▶ _Dataset excerpt_
- Opening Delimiter -

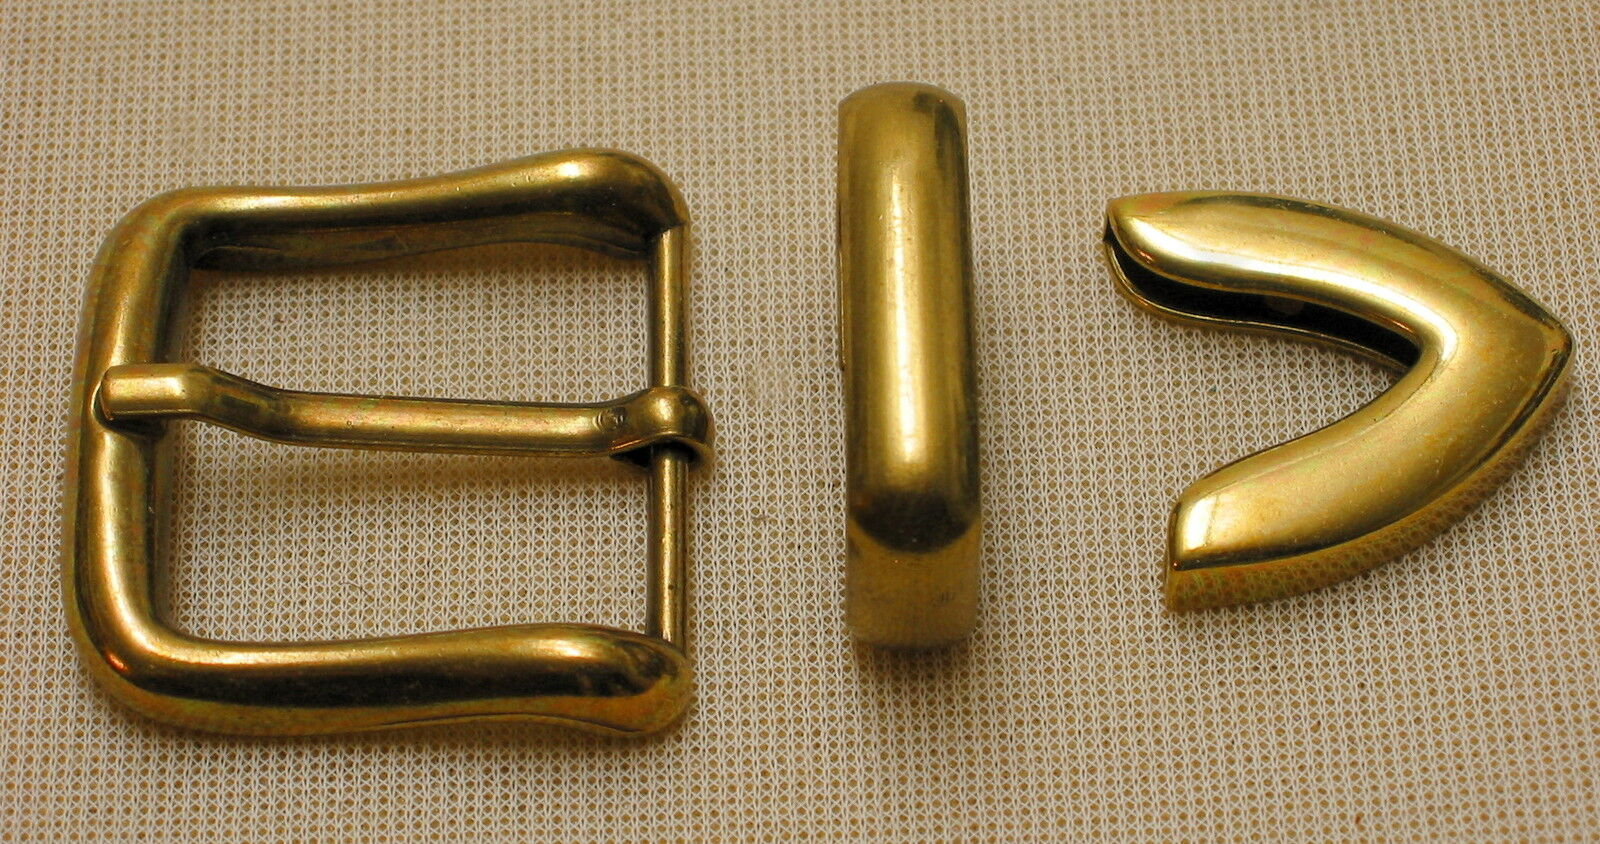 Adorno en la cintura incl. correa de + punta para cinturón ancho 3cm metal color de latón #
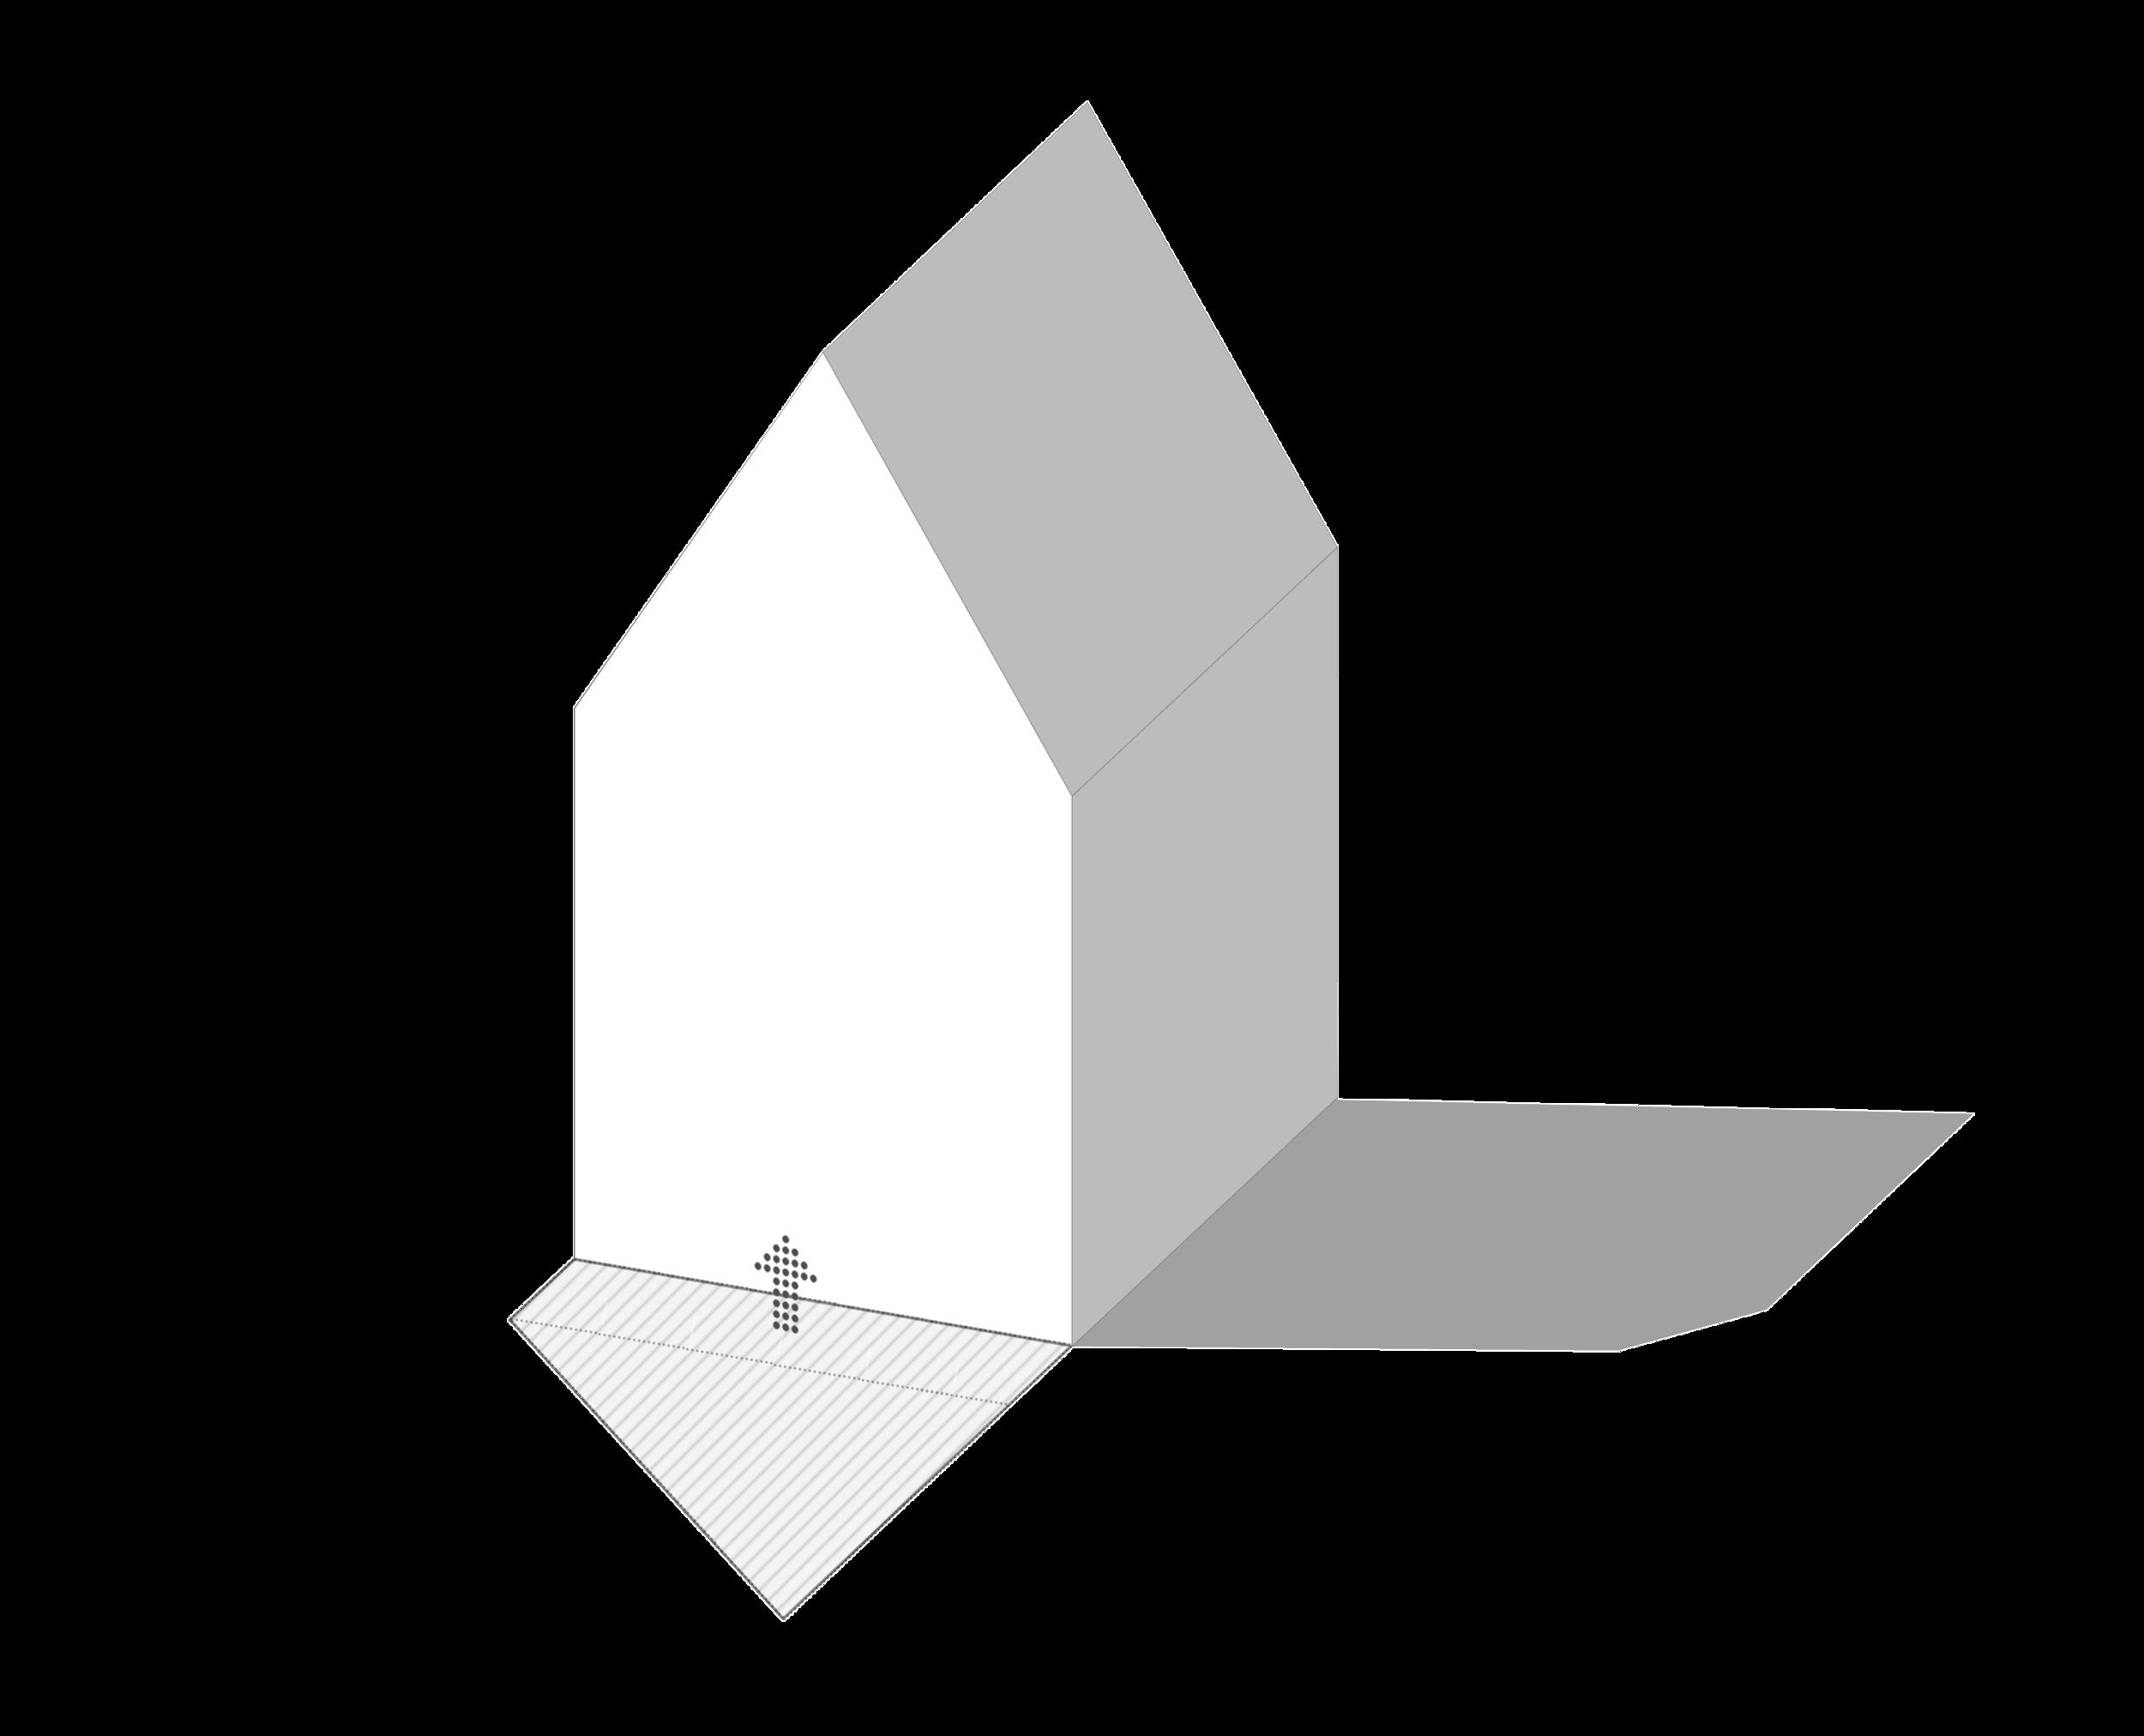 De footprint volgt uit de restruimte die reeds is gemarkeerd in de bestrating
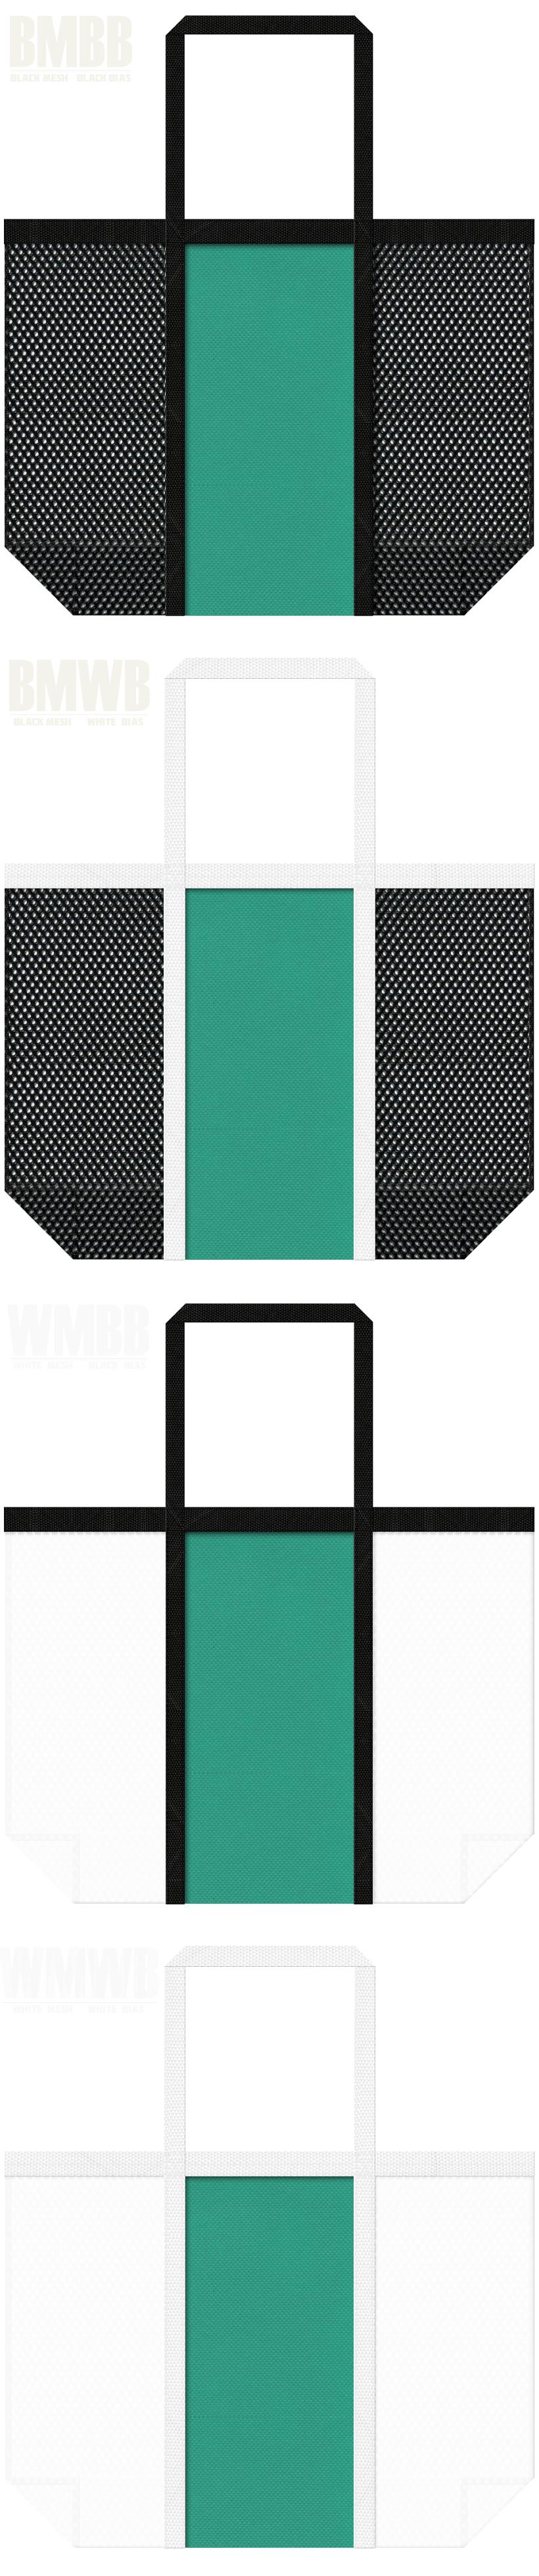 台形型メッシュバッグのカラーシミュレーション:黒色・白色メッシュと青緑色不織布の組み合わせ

- Closing Delimiter -

▶ _Task_
Would you write out the material above in full, exactly as given, except for its pictures?

▶ _Output of the exercise_
 Adorno en la cintura incl. correa de + punta para cinturón ancho 3cm metal color de latón #
 De footprint volgt uit de restruimte die reeds is gemarkeerd in de bestrating
 台形型メッシュバッグのカラーシミュレーション:黒色・白色メッシュと青緑色不織布の組み合わせ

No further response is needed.